GIVEN MATERIAL:
* * *

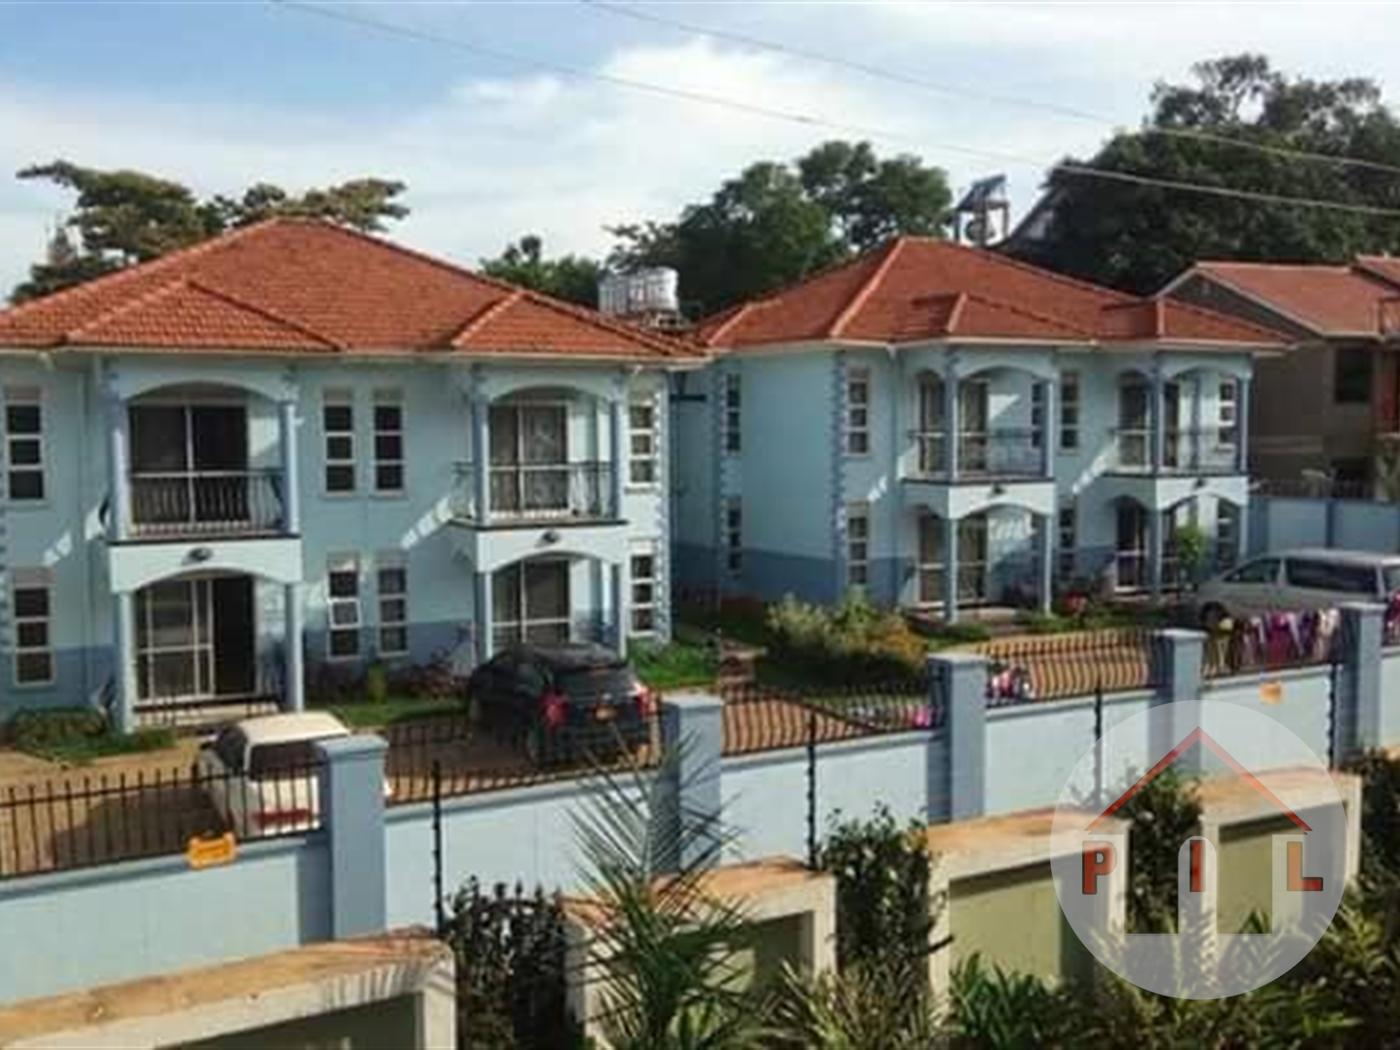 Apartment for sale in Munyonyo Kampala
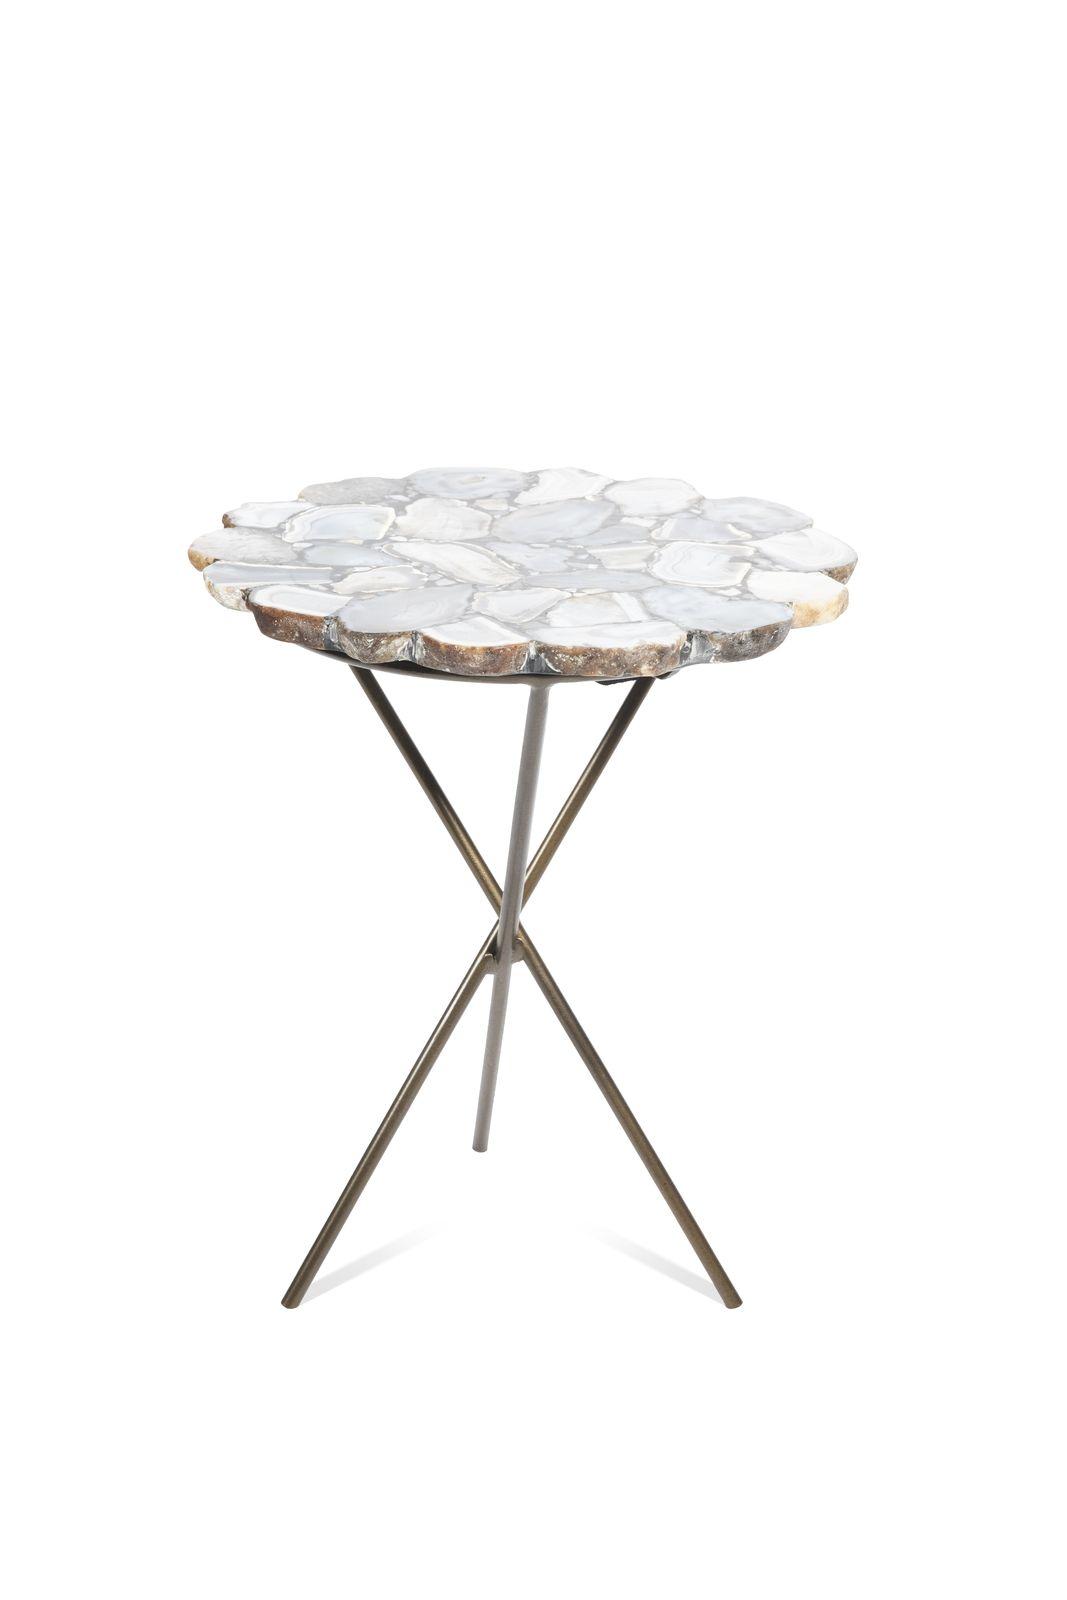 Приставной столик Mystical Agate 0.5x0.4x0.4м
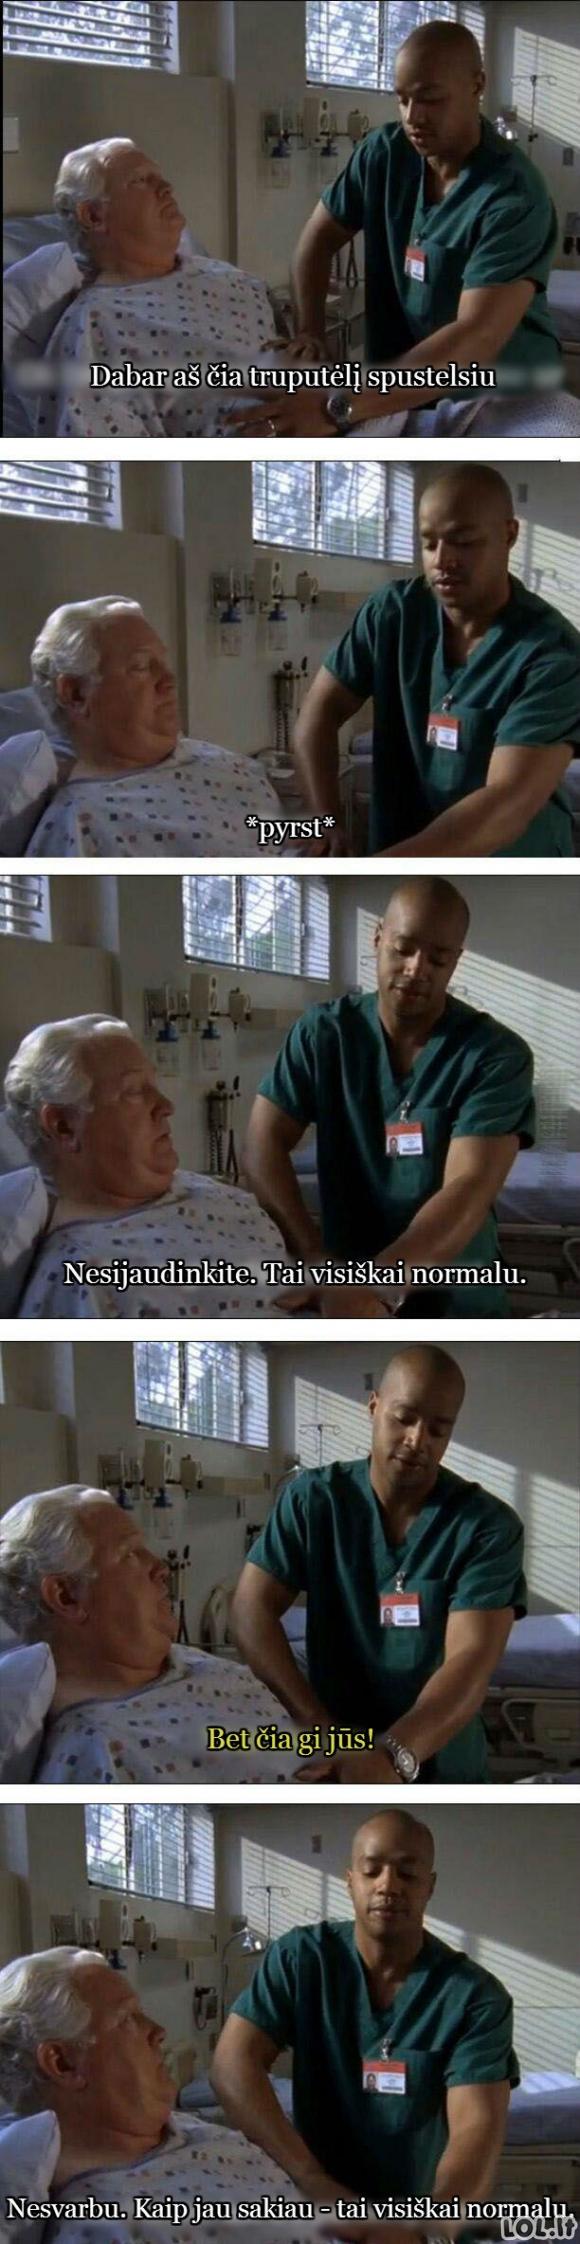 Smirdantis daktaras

* * *

WHAT IS REQUIRED: To complete this exercise, repeat exactly the lines above from the one holding "Приставной столик Mystical" to the end of the listing, both included, and leave the pictures out.

WRITTEN ANSWER:
 Приставной столик Mystical Agate 0.5x0.4x0.4м
 Smirdantis daktaras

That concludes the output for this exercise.